Radioactive Materials Permits by Corey Wintamute, Sr. Research Safety Specialist

Working with radioactive materials (RAM) in the laboratory comes with certain responsibilities. Some of those responsibilities include administrative duties that must be performed on an ongoing basis to prepare the laboratory for quarterly audits performed by EH&S. Over time, procedures, personnel, technology, and scientific pursuits may change, however, and experiments that required the use of RAM become a thing of the past.  For permit holders who find themselves in this situation, there are options.
Permit holders who are no longer working with RAM, but do not wish to terminate or surrender their permit, have the option to reclassify their permit as “inactive.” Under this option, users keep their RAM permit, but are no longer required to maintain the radioactive materials binder, including the administrative duties of training, monthly surveys and filing of dosimetry reports; labs are not subject to quarterly audits while inactive. The process of making a permit inactive can be completed in less than two weeks. Please note, after a permit has gone inactive, RAM cannot be purchased or stored.
The process to reclassify a permit as inactive requires four simple steps:

    1. The permit holder makes a written request to the Radiation Safety Officer.
    2. A waste pickup request is submitted by the PI or Lab Manger for all RAM (waste, stocks, samples) in the laboratory.
    3. The laboratory arranges an exit survey with EH&S after the RAM has been removed.
    4. EH&S completes a final radiation exit survey confirming that all RAM has been removed and that there is no residual contamination. Once confirmed, stickers and signage are removed.

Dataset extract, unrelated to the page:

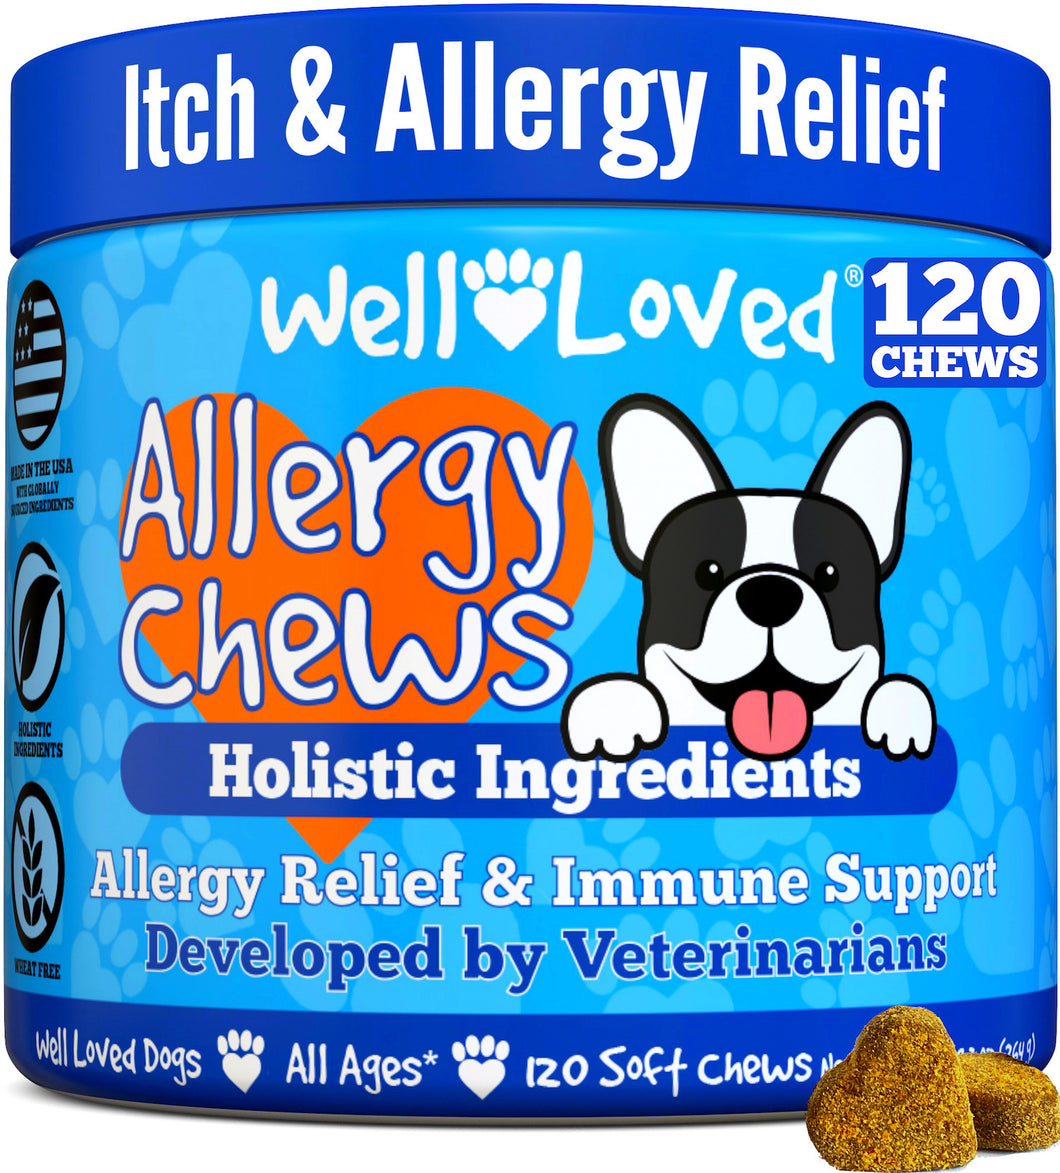 Well Loved Allergy Chews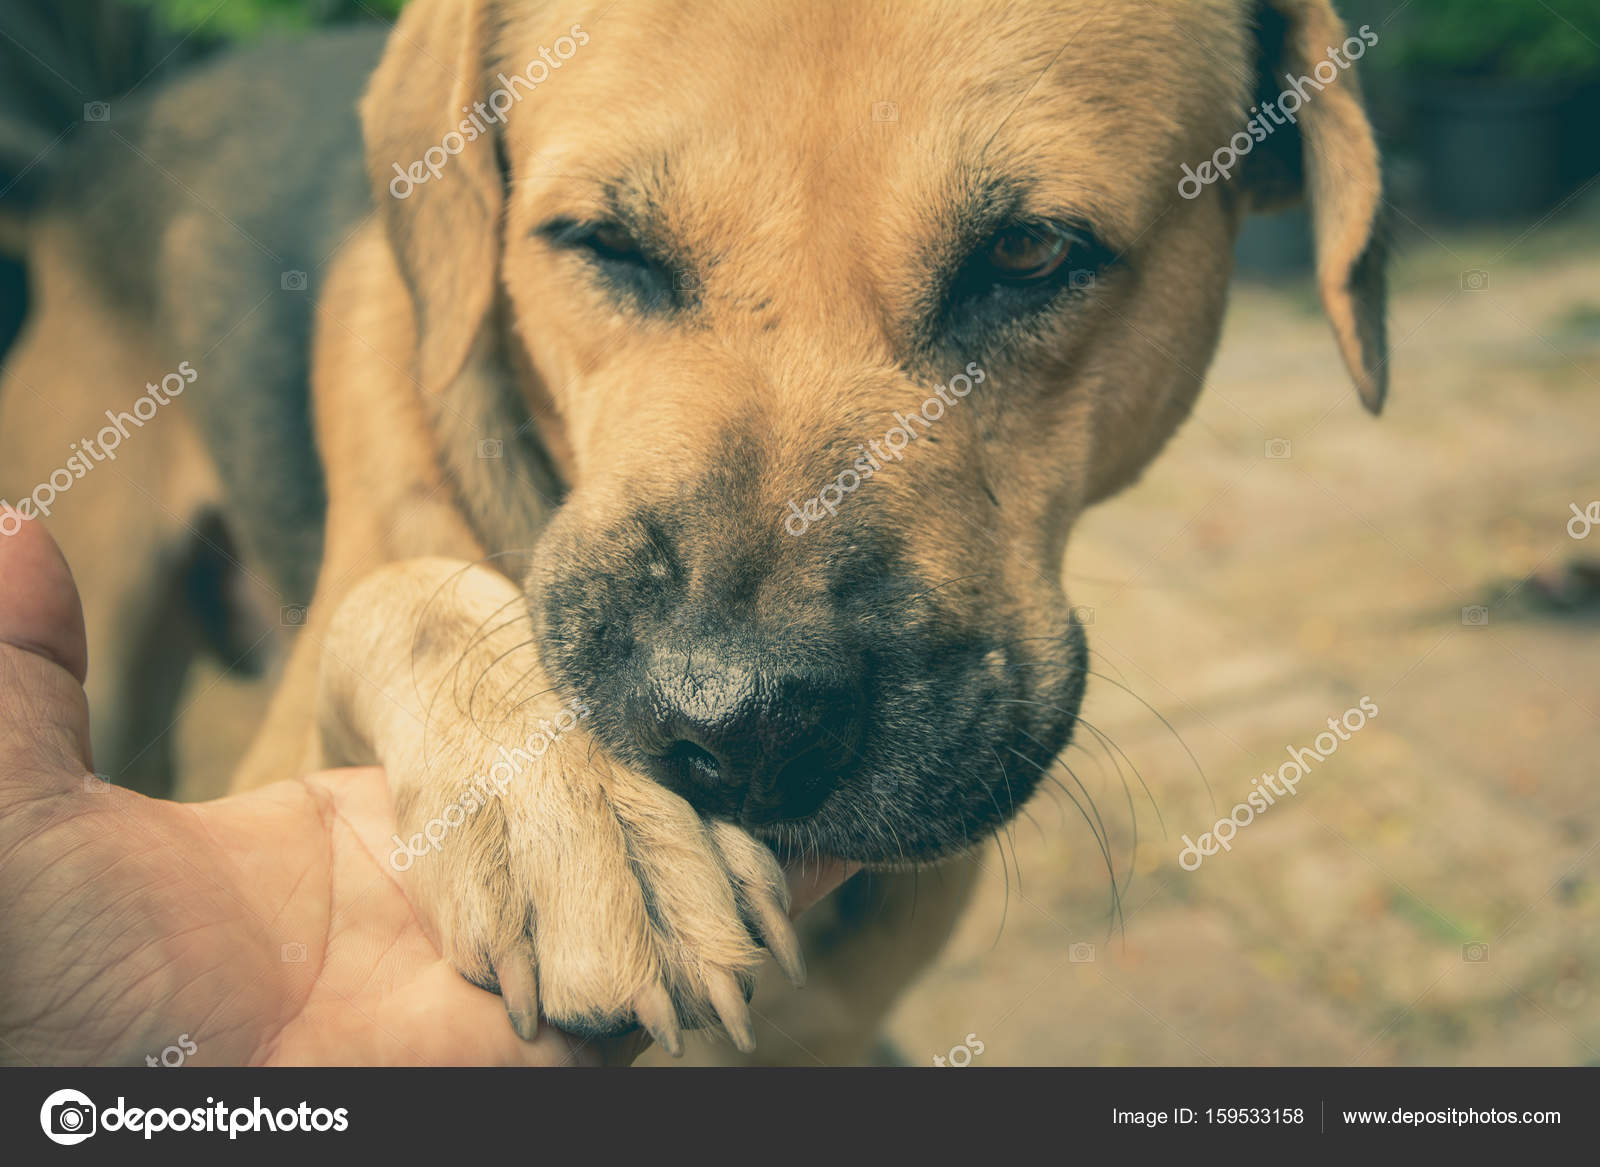 shaking hand with human, friendship between and dogs. Dog paw and human hand shaking. Photo by ©krisana_antharith.hotmail.com 159533158

In the event that the permit holder wishes to resume RAM work and re-activate their permit, the process is even simpler and can typically be completed within a week’s notice.

  • The permit holder makes a written request to the Radiation Safety Officer.
  • EH&S conducts an entry survey to provide signage and waste containers.
  • Laboratory personnel update training.
  • EH&S reactivates the permit.

For more information, or if you are considering reclassifying your permit, please contact the Radiation Safety Program at CUMC: rsostaffcumc@columbia.edu or Morningside: rso-ehrs@columbia.edu

Are Your Cylinders Secured? by, Harry J. Oster, Sr. Fire Safety Specialist

In accordance with New York City Fire Code, compressed gas cylinders, whether full or empty,  must be secured at all times to prevent movement from contact, vibration or seismic activity.  Cylinders may be secured utilizing one or more of the following methods:

  1. To a fixed object with one or more noncombustible restraints. Note: cylinders shall not be secured to plumbing systems or electrical conduits.
  2. On a cart or other mobile device specifically designed for the movement of compressed gas cylinders.
  3. Within a rack, framework, cabinet or similar assembly designed for such use (i.e. floor base holder), except when the cylinders are in the process of examination, filling, transport or servicing.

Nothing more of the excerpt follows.